No, it's not the only problem, but it's kind of hard to deny it is a problem when you do the logistics and find that you literally can't get there from here. What do you suggest I do, sprout wings and fly to my classes? Walk 3+ hours back and forth from them? Spend $20 each way on a cab every day?

Quote:
Originally Posted by SoccerDude
To me it seems like you are overqualified for your job, so you are facing these morons who won't appreciate you, even if you automated their whole file system retrieval.
Right, I'm *so* overqualified for these jobs... that's why they're the only jobs I can get, since every better job requires degrees, training, and experience I DON'T have. How can I be overqualified for a job when I've looked through all the listings time and time again and every better job requires qualifications I don't have?

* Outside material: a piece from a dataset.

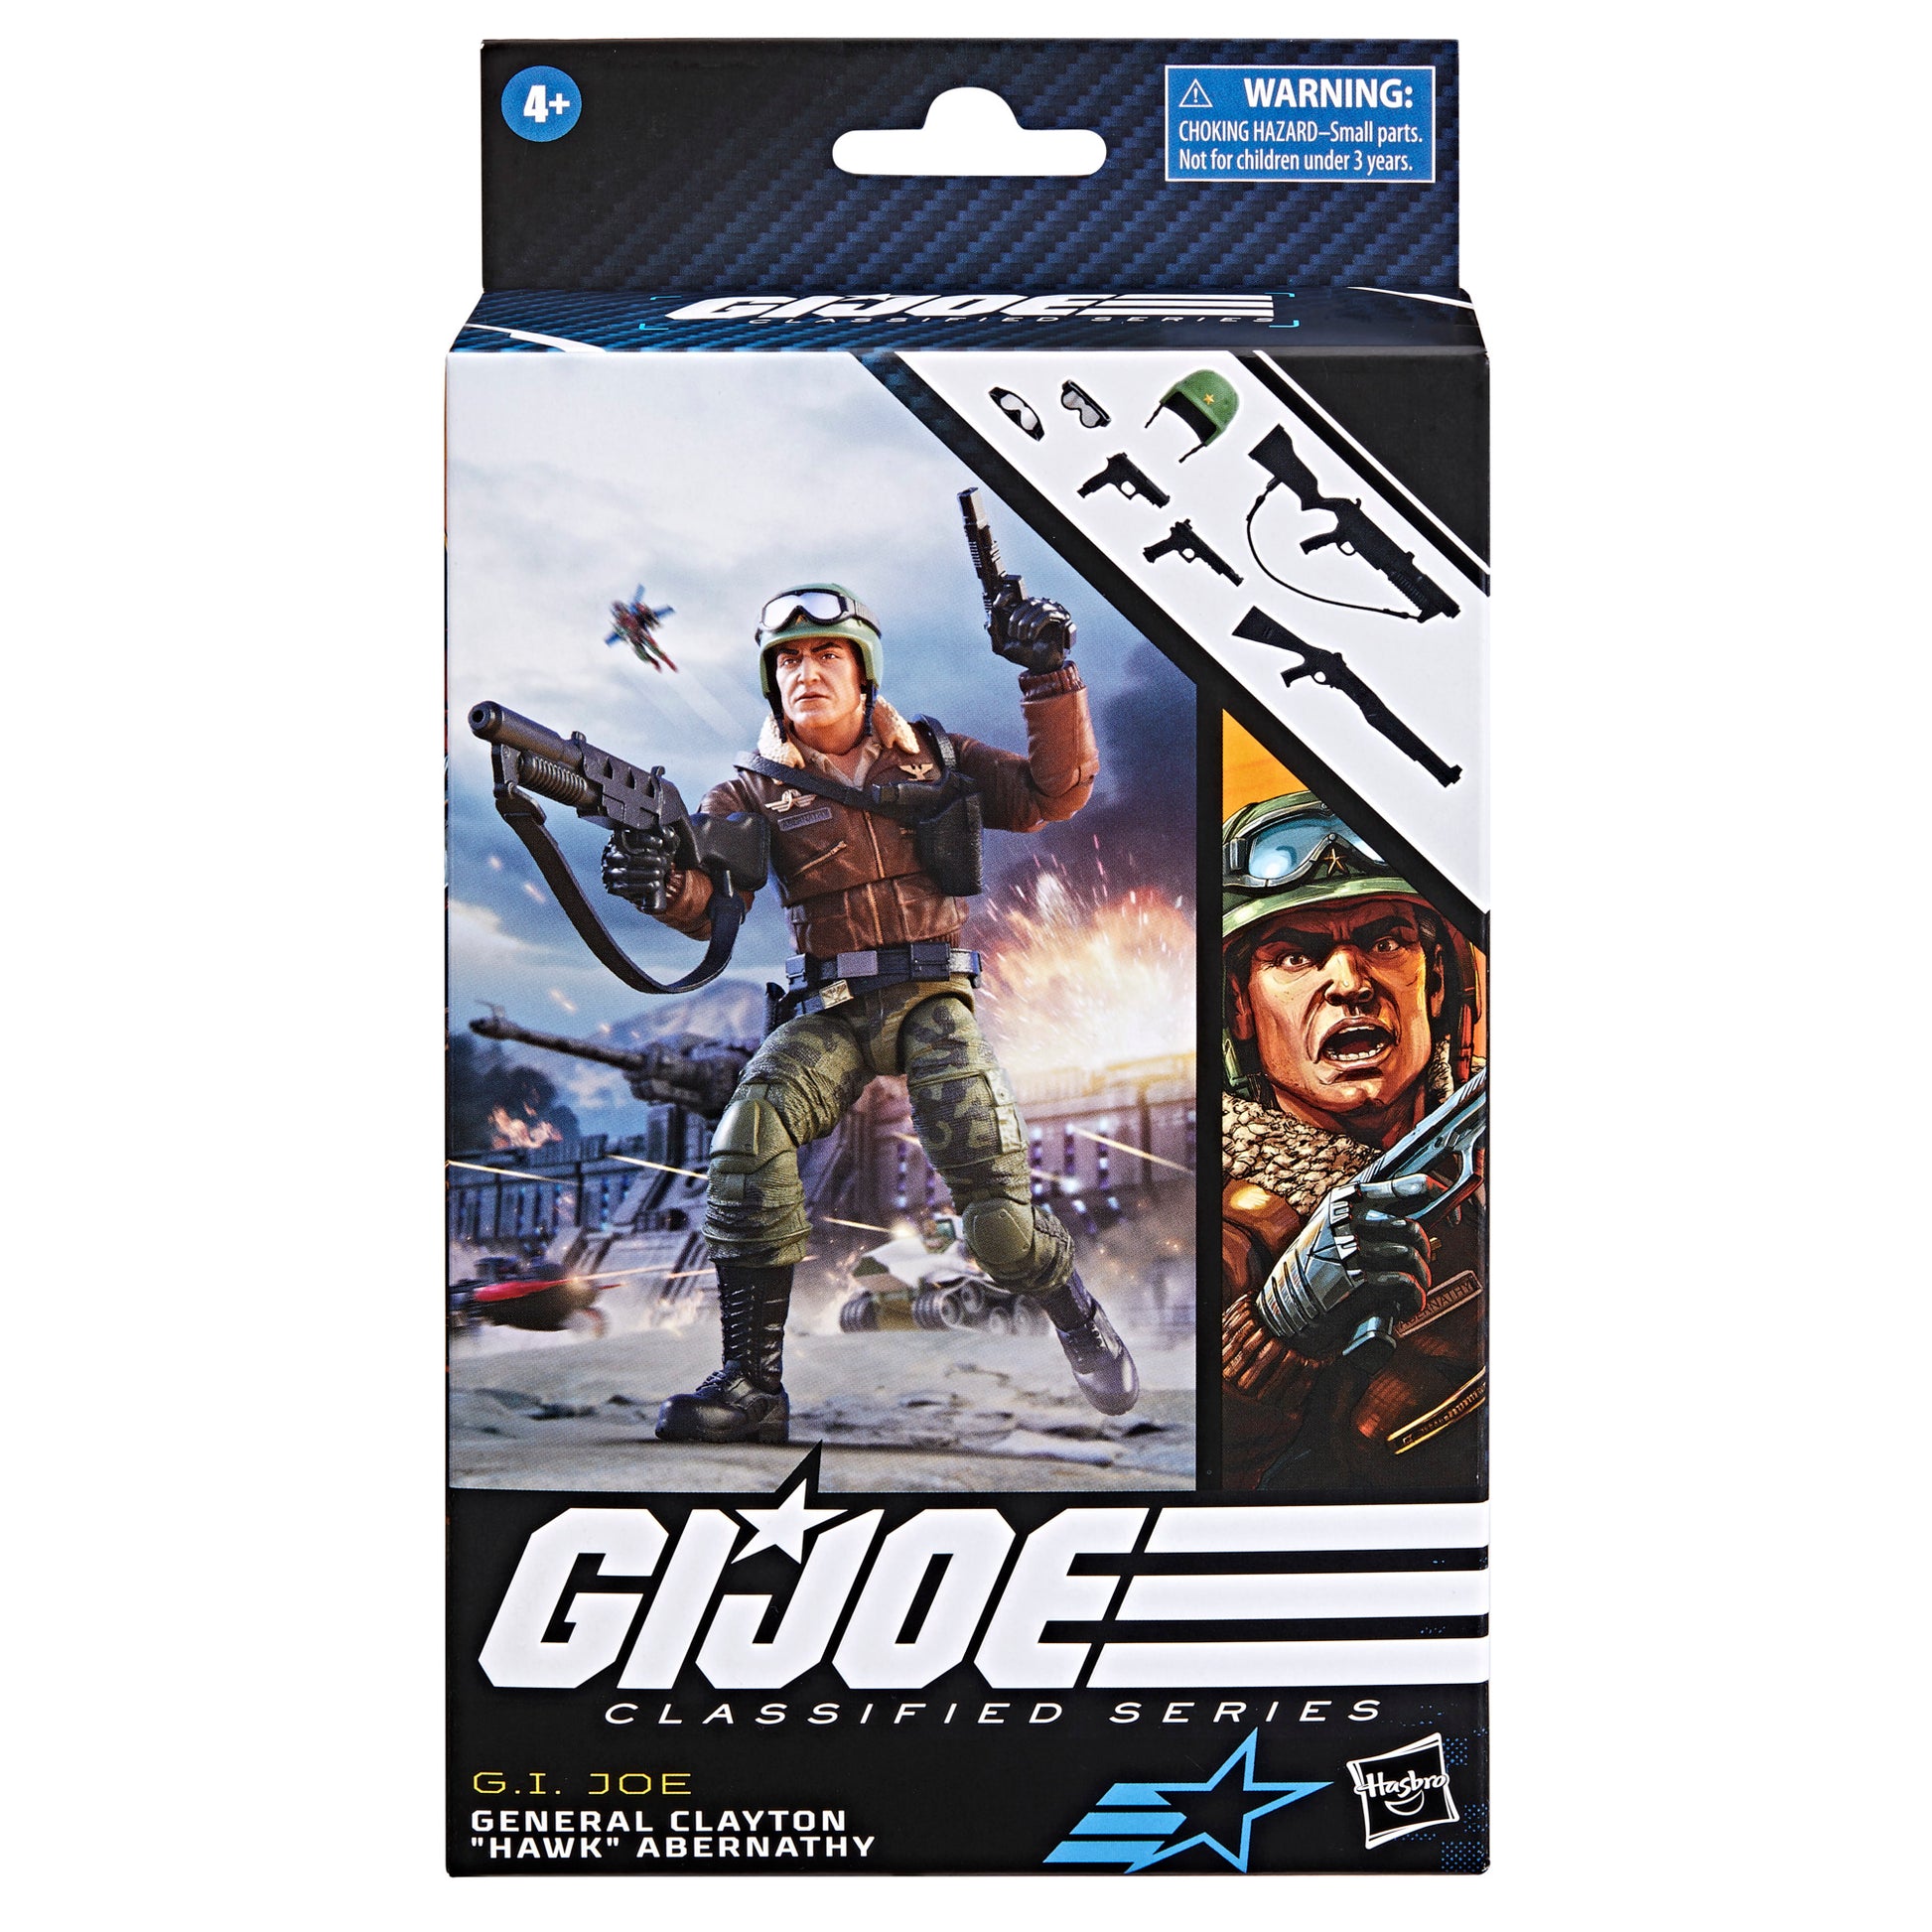 G.I. Joe Classified Series General Clayton "Hawk" Abernathy, Collectible G.I. Joe Action Figure (6"), 103 3

Look, I'm really, really sorry I brought all this up, and I'm not interested in talking about it any more, so please go focus on someone else now. I've already dealt with all this whole "Despite the fact that all your research shows that the reality is that you can't do X because you need Y and there's no current feasible way to get Y, all you have to do is wish hard enough and wave your magic wand and Y will suddenly appear" stuff from plenty of other people.

All it does is make me feel more like crap because it's blatantly obvious that there's tons of easy solutions that everyone else can find without any effort... meanwhile I look and research and do the math and I just don't see how it's supposed to add up. Just points out further that if I was just like everyone else I wouldn't have any problems, since it would all work and make sense to me.

So, I'm just going to drop it, thanks.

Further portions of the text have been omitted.